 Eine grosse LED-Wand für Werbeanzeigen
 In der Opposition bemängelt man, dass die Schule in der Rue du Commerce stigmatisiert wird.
...
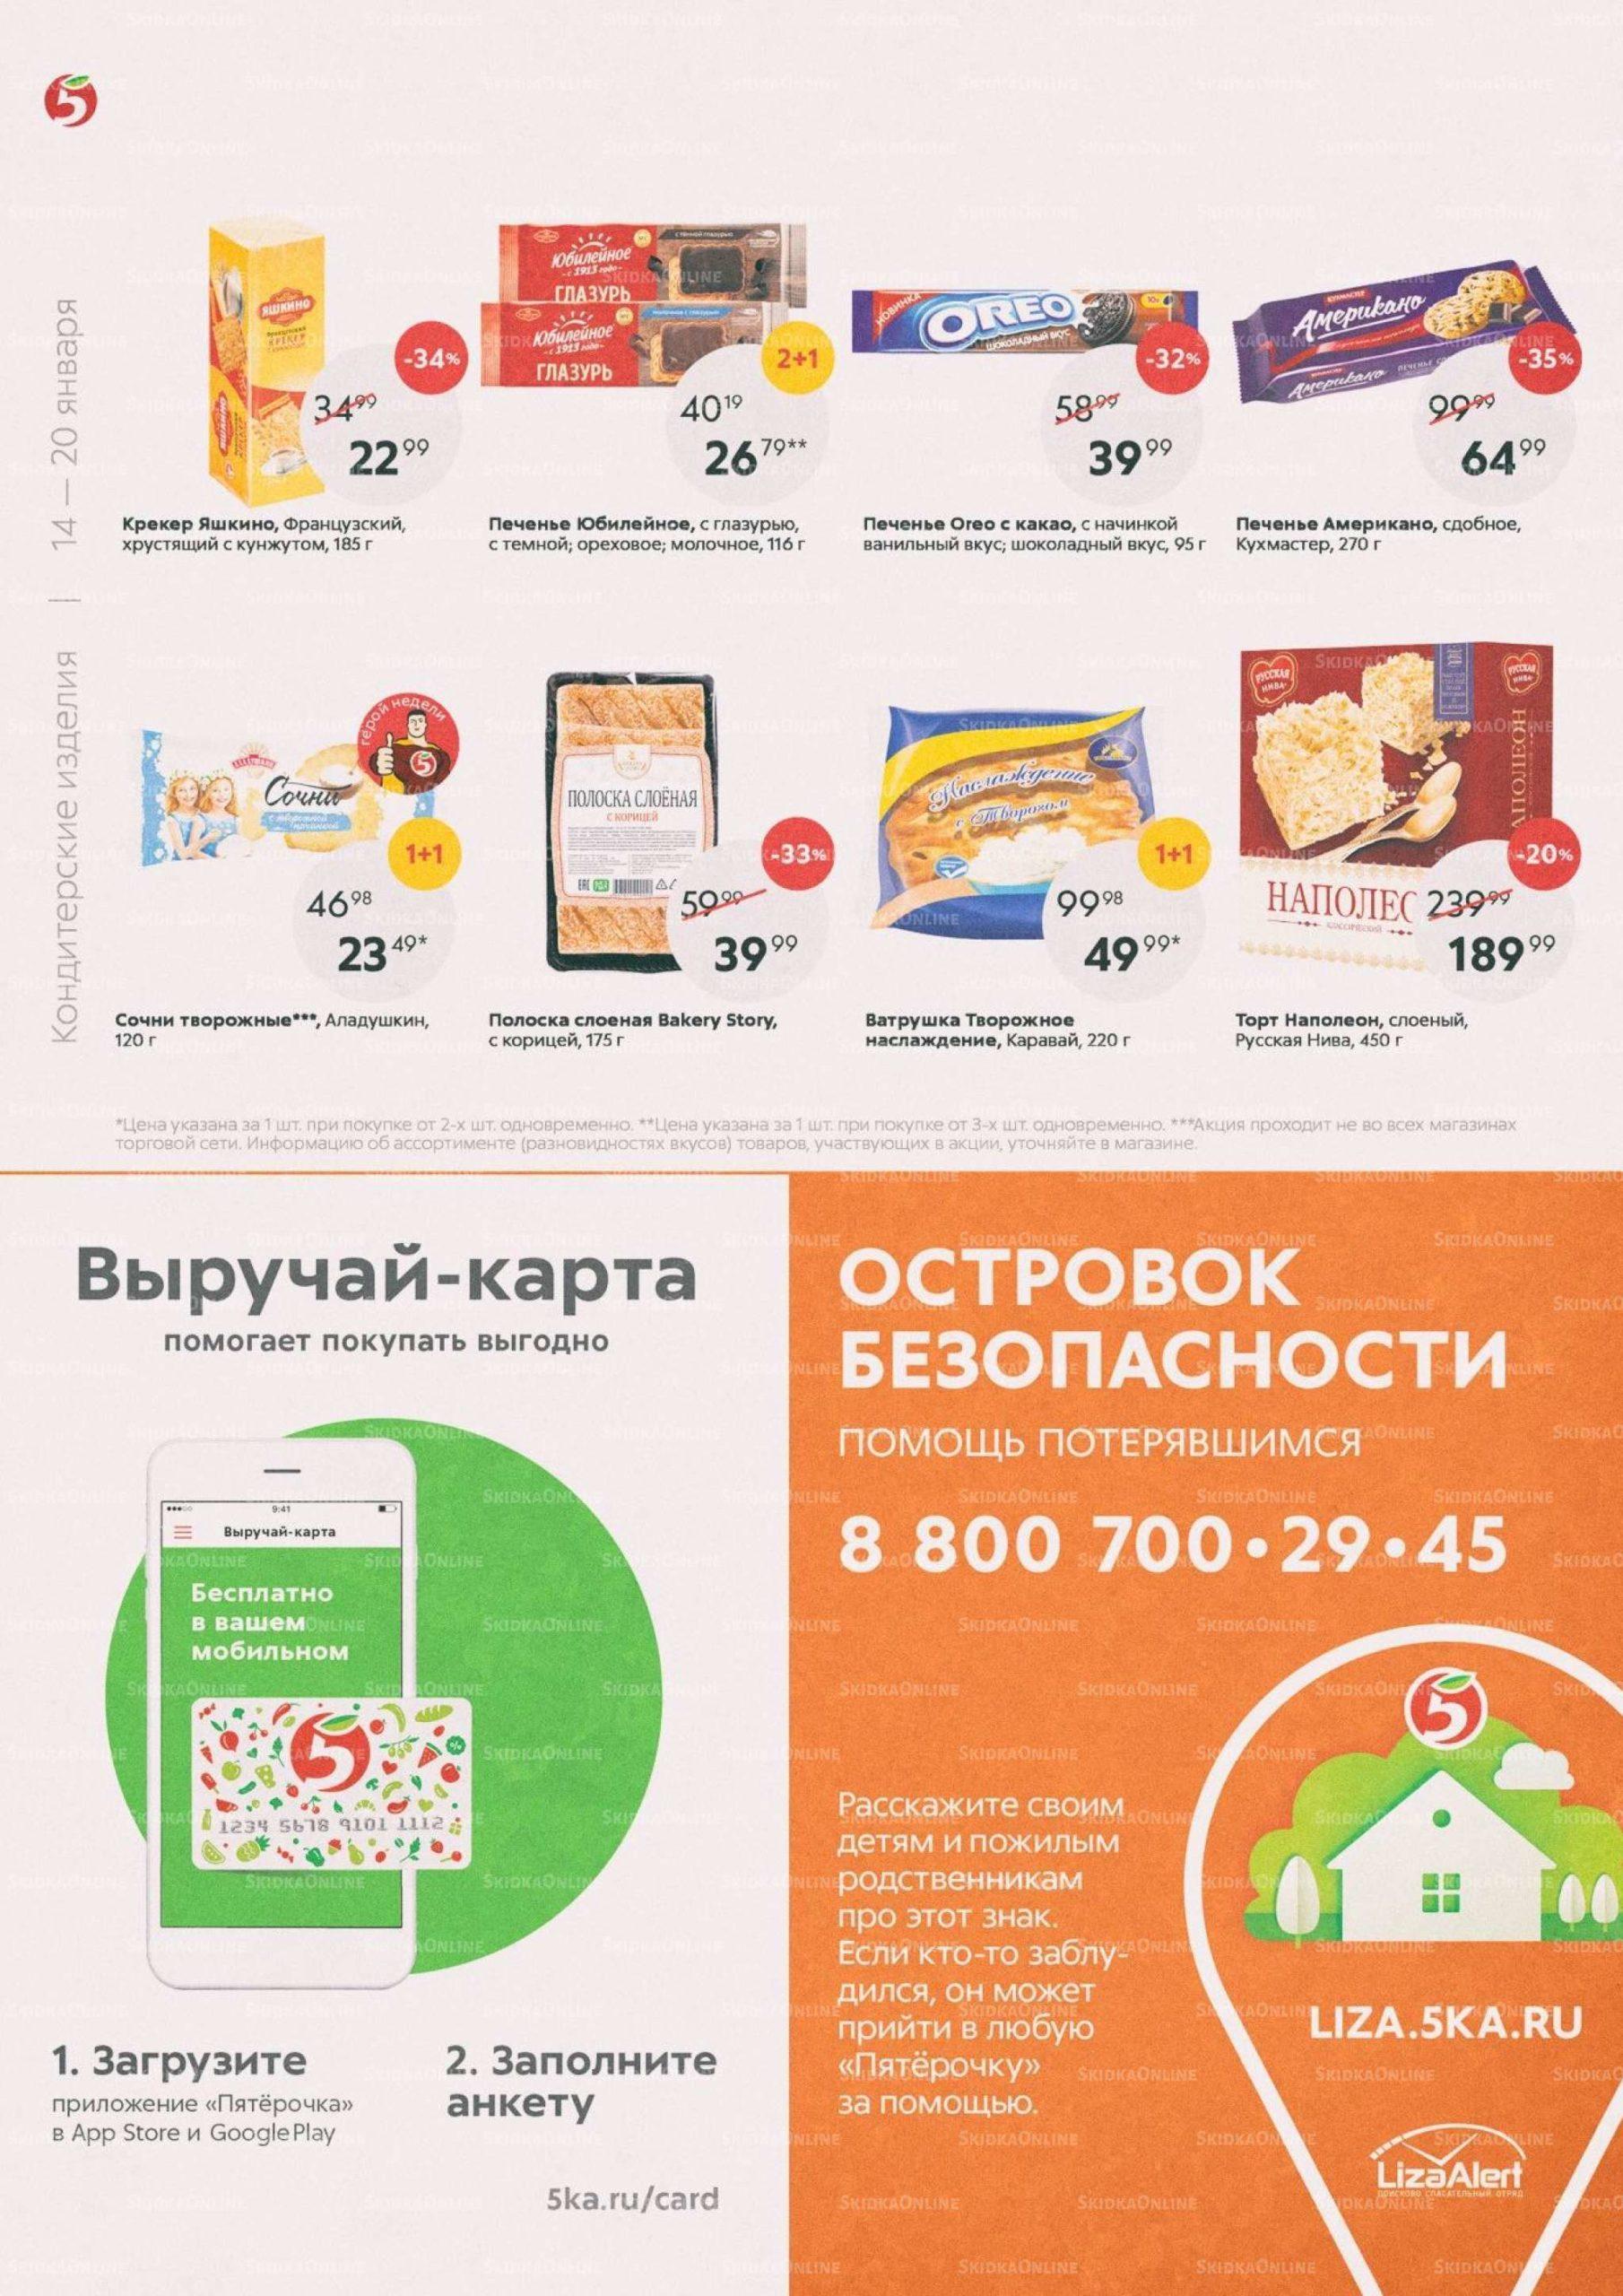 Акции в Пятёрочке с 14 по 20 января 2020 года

**WHAT YOU HAVE TO DO**
Retype exactly the span of lines from the one with "Eine grosse LED-Wand für Werbeanzeigen" through the one with "In der Opposition"; include both ends and omit the rest of the material.

**TASK SOLUTION**
 Eine grosse LED-Wand für Werbeanzeigen
 In der Opposition bemängelt man, dass die Schule in der Rue du Commerce stigmatisiert wird.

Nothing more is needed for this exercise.